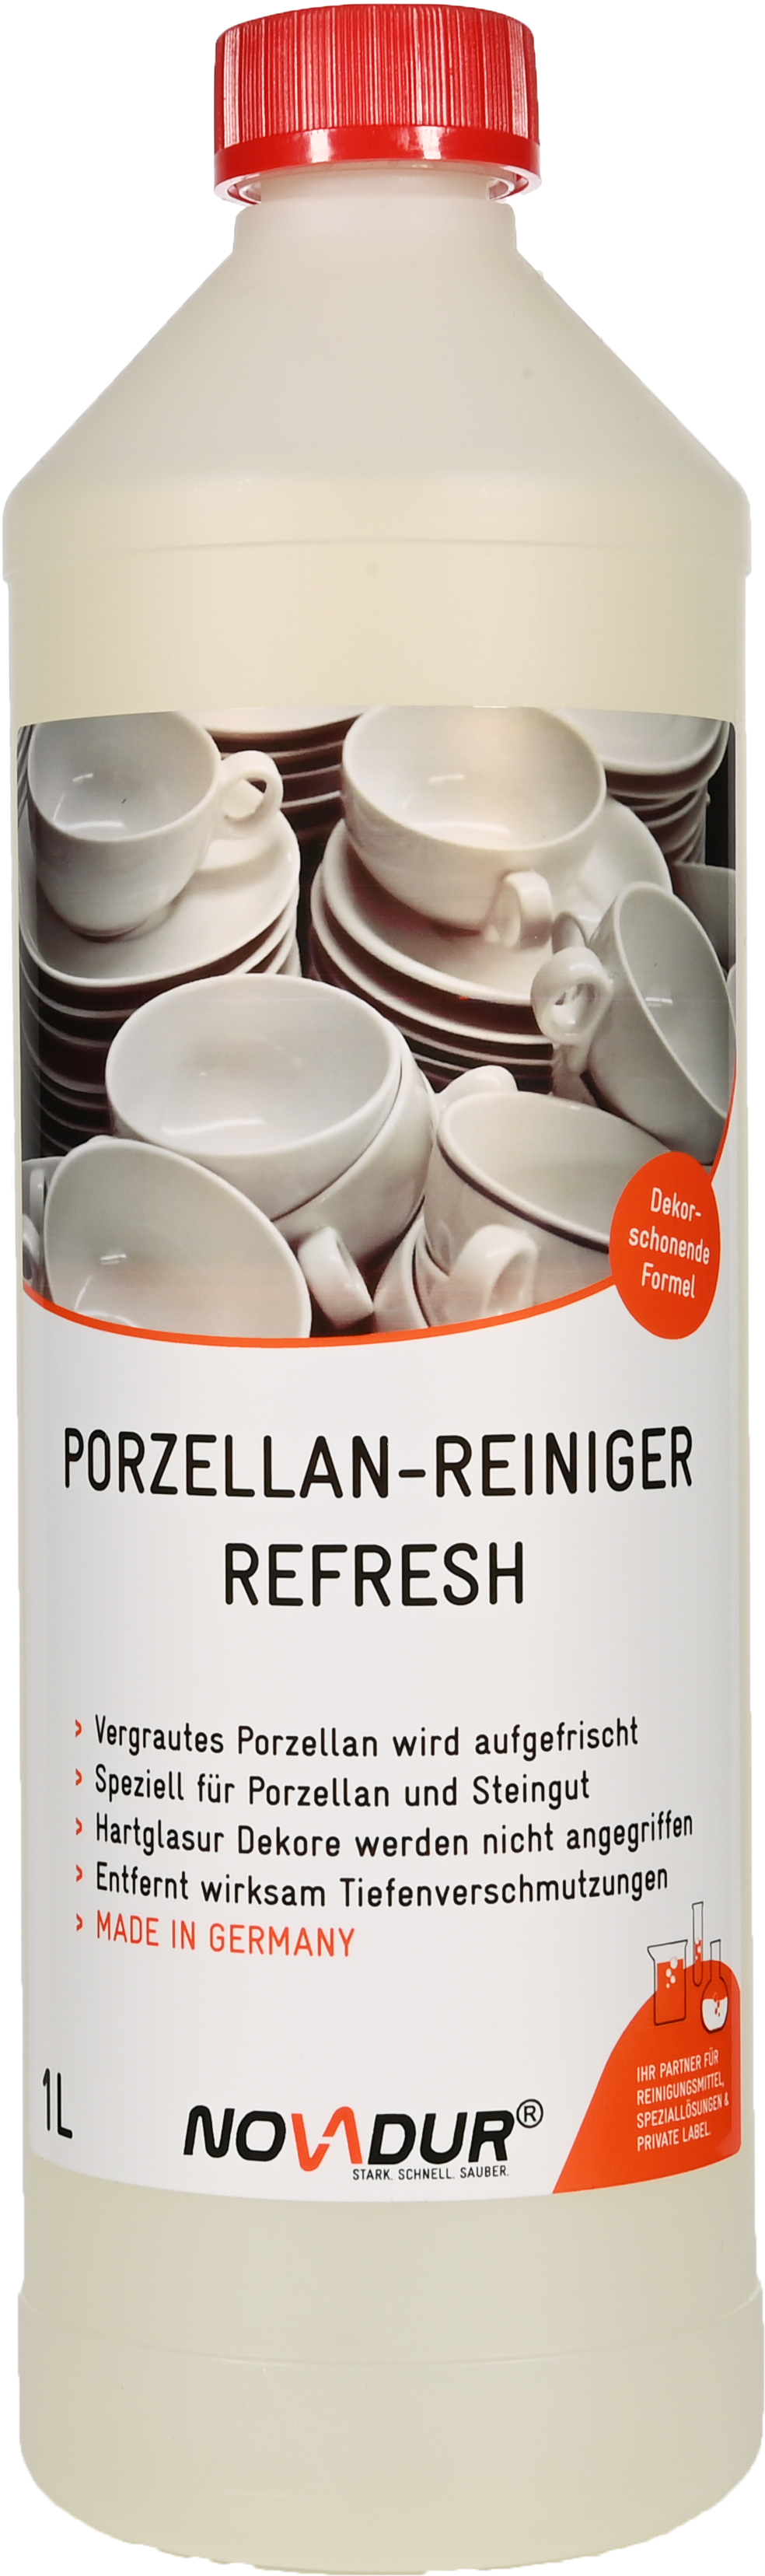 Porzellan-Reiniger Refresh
--
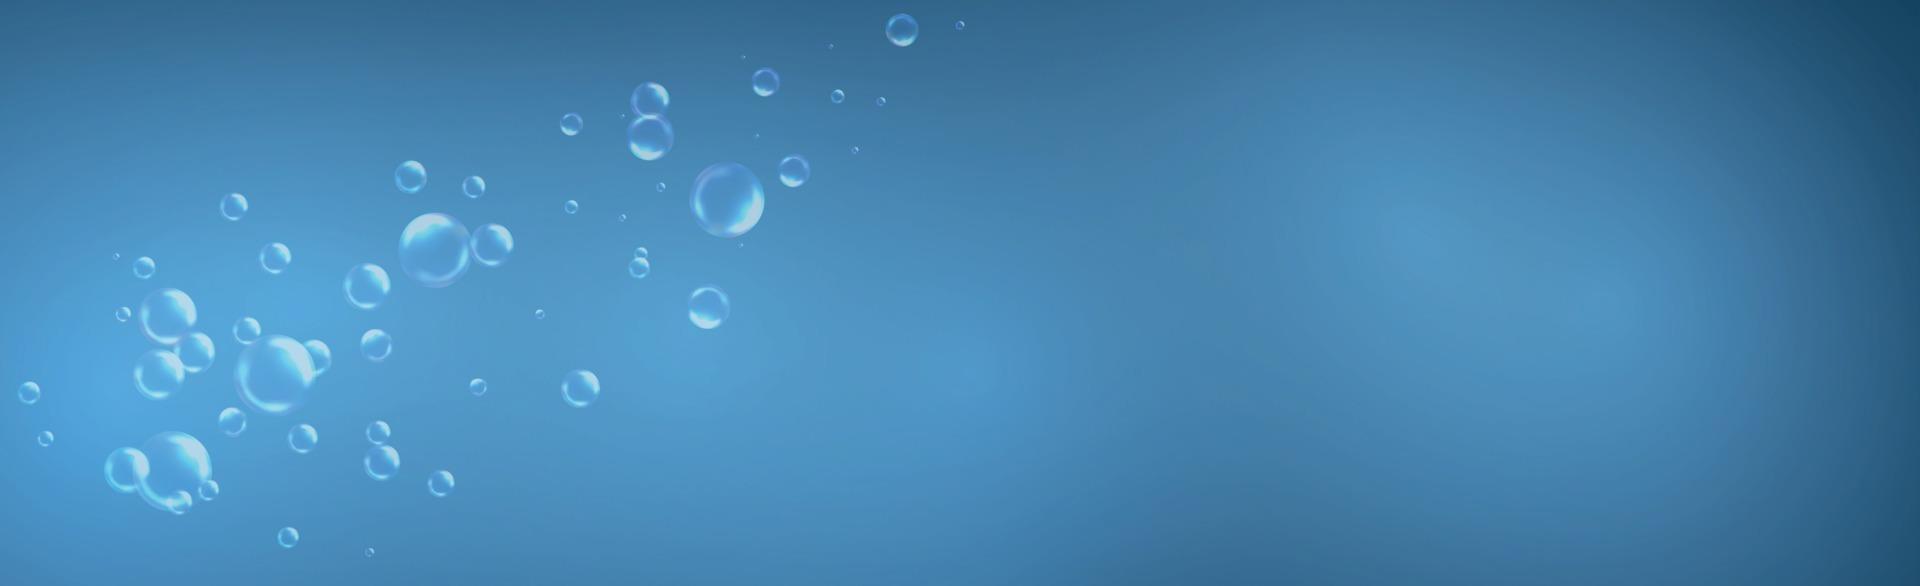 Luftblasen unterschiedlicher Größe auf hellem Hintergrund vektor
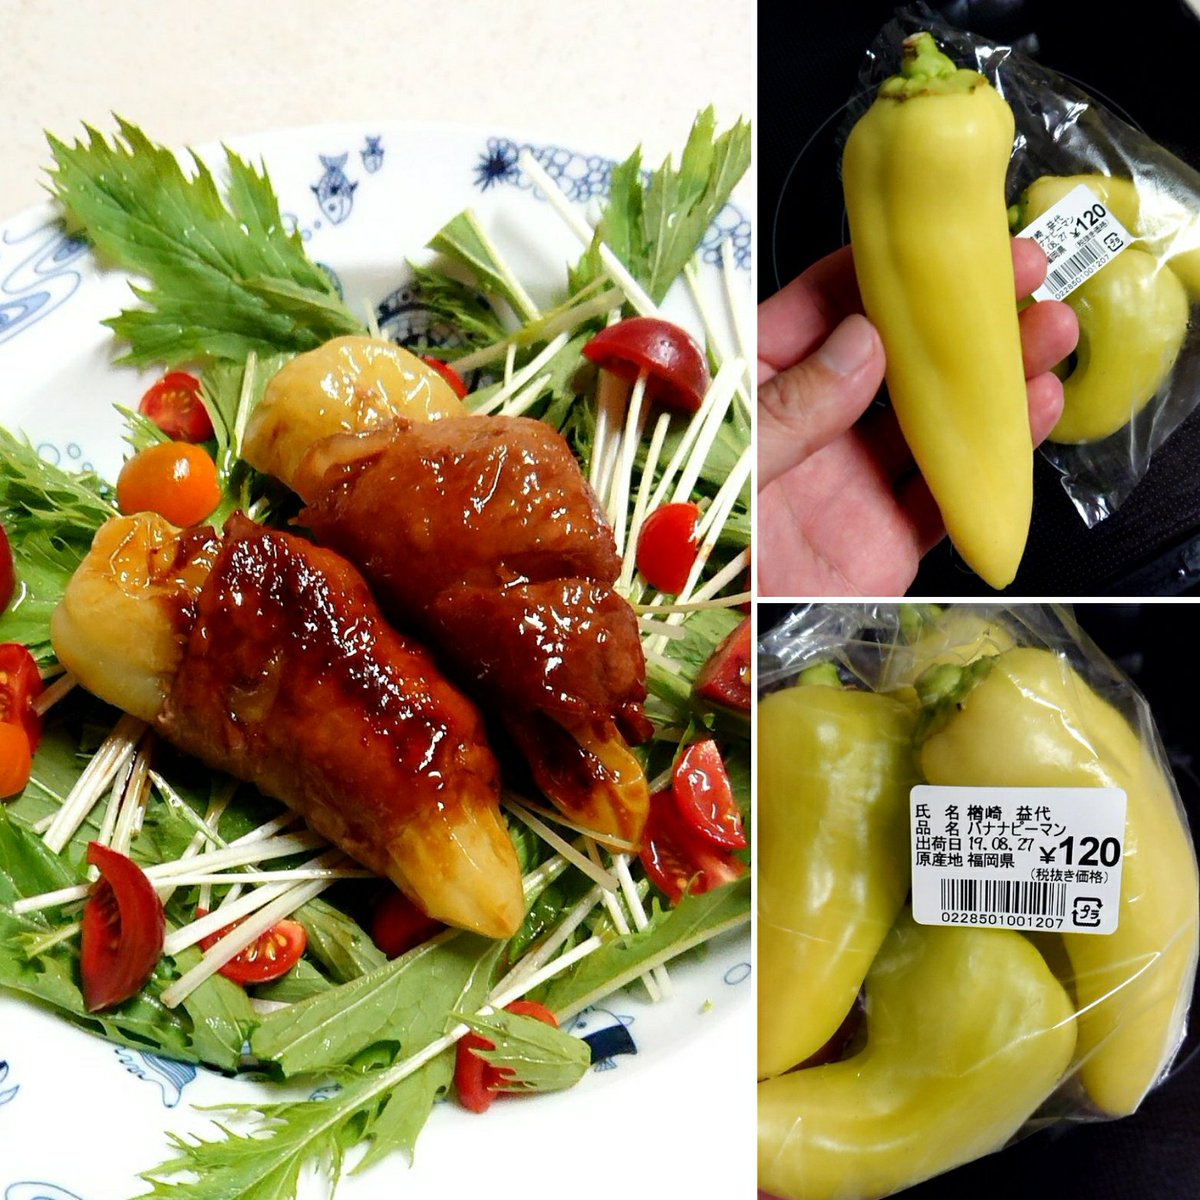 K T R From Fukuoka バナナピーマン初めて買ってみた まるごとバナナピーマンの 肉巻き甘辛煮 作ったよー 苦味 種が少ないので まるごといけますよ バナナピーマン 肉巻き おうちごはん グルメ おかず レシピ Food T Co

Task goal: Reproduce exactly the lines above starting at the line containing "Luftblasen unterschiedlicher Größe" and ending at the line containing "K T R From Fukuoka", including both, but not the pictures.

Answer space:
 Luftblasen unterschiedlicher Größe auf hellem Hintergrund vektor
 K T R From Fukuoka バナナピーマン初めて買ってみた まるごとバナナピーマンの 肉巻き甘辛煮 作ったよー 苦味 種が少ないので まるごといけますよ バナナピーマン 肉巻き おうちごはん グルメ おかず レシピ Food T Co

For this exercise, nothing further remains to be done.